Pandemics, climate, terrorism, war, … pick any “emergency”, whether imaginary or real, and bureaucrats will claim a medical or safety angle. The same people who insisted that showing a health pass to sip espresso was “for your safety” now hold a veto card that neutralizes their own prohibitions.
And how would this even work? How, exactly, will governments be able to utilize vast databases with the biometric/medical data of millions of citizens “only in case of emergency,” if they don’t spend plenty of time and resources collecting and storing this data when there is no sign of such emergency?
Industry understands the game. Private builders must fill out risk logs, bias audits and “fundamental-rights impact assessments.” Violate a paperwork rule and you face fines up to seven percent of worldwide turnover. Meanwhile, officials who decide that emotion-tracking cameras are needed to enforce the next lockdown will glide through, no problem.
The Act’s social-credit language is also vague by design.
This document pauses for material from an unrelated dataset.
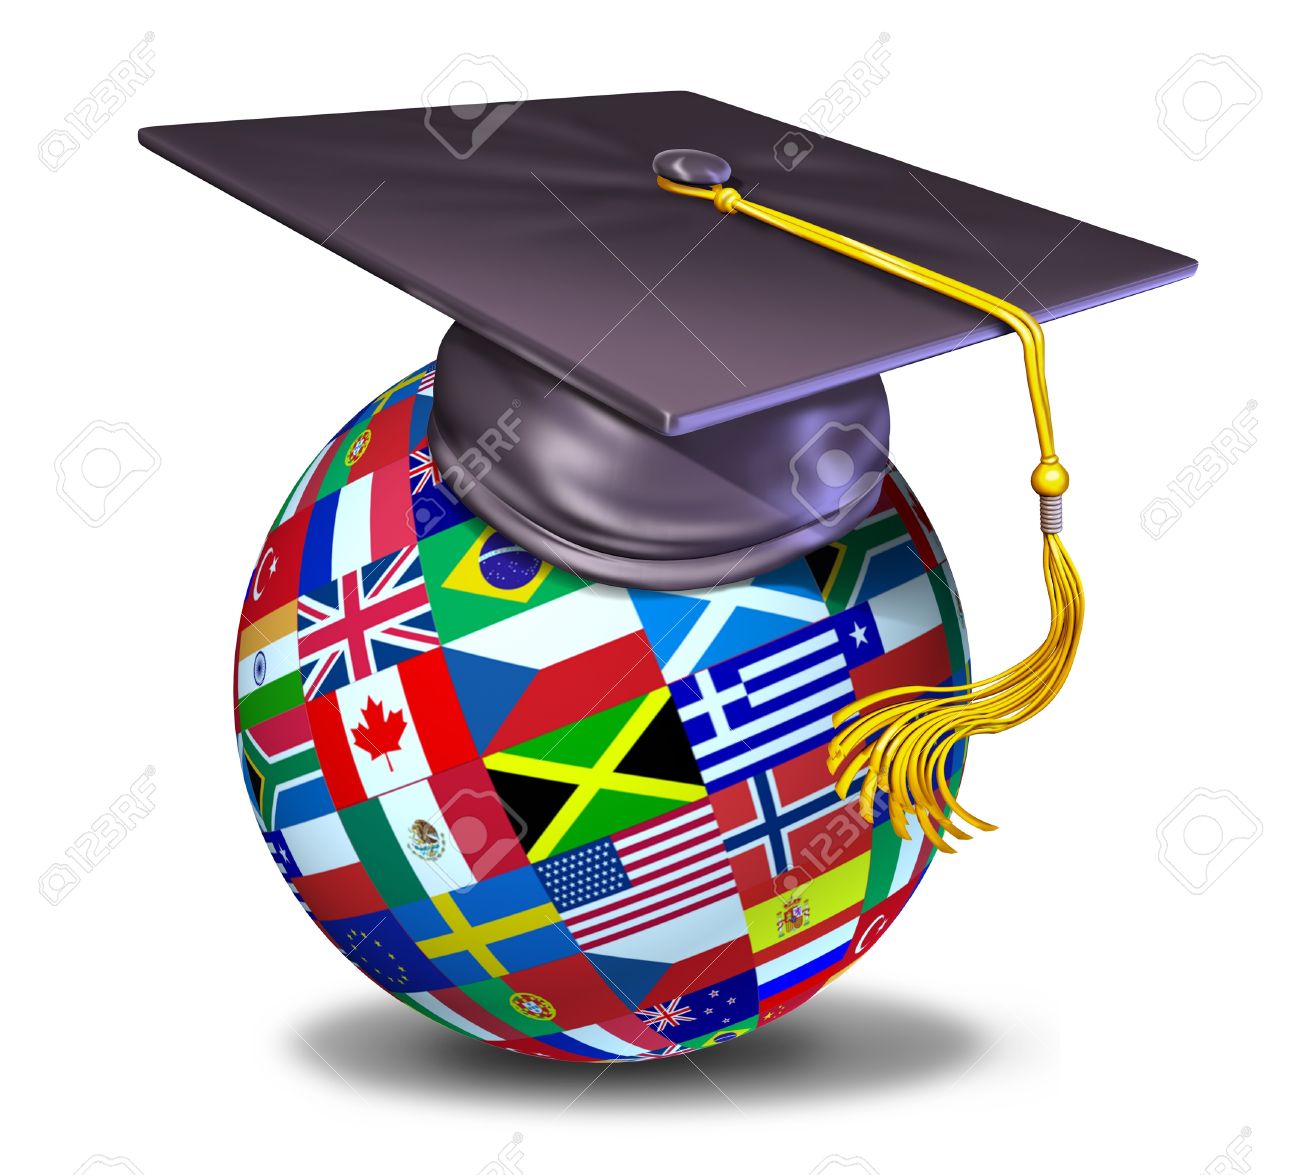 Guest Blog- Pursuing a Course From an International University is Rewarding

It forbids scoring that leads to “unjustified or disproportionate” harm. Who decides what is justified and proportionate? The same regulators who push carbon credit passports and mileage caps. When the Commission funds a pilot that rewards “eco-friendly behaviour” no one in Brussels will see injustice. When a start-up tries a loyalty scheme that nudges shoppers toward sugary drinks the hammer will fall.
This has been the Brussels formula for a generation: regulate society, exempt themselves, export the paperwork to every corner of the globe and call it “values-based leadership.”
The lesson is straightforward. The finest words against manipulation, surveillance and social control are meaningless when the authors reserve for themselves the right to endlessly engage in them. The EU has written a rulebook that throttles private builders and grants public masters a toolbox they alone may use.
Discerning citizens should see the pattern for what it is: yet another regulation that shackles innovation while giving government an open runway to the very dystopian panopticon it claims to be trying to prevent.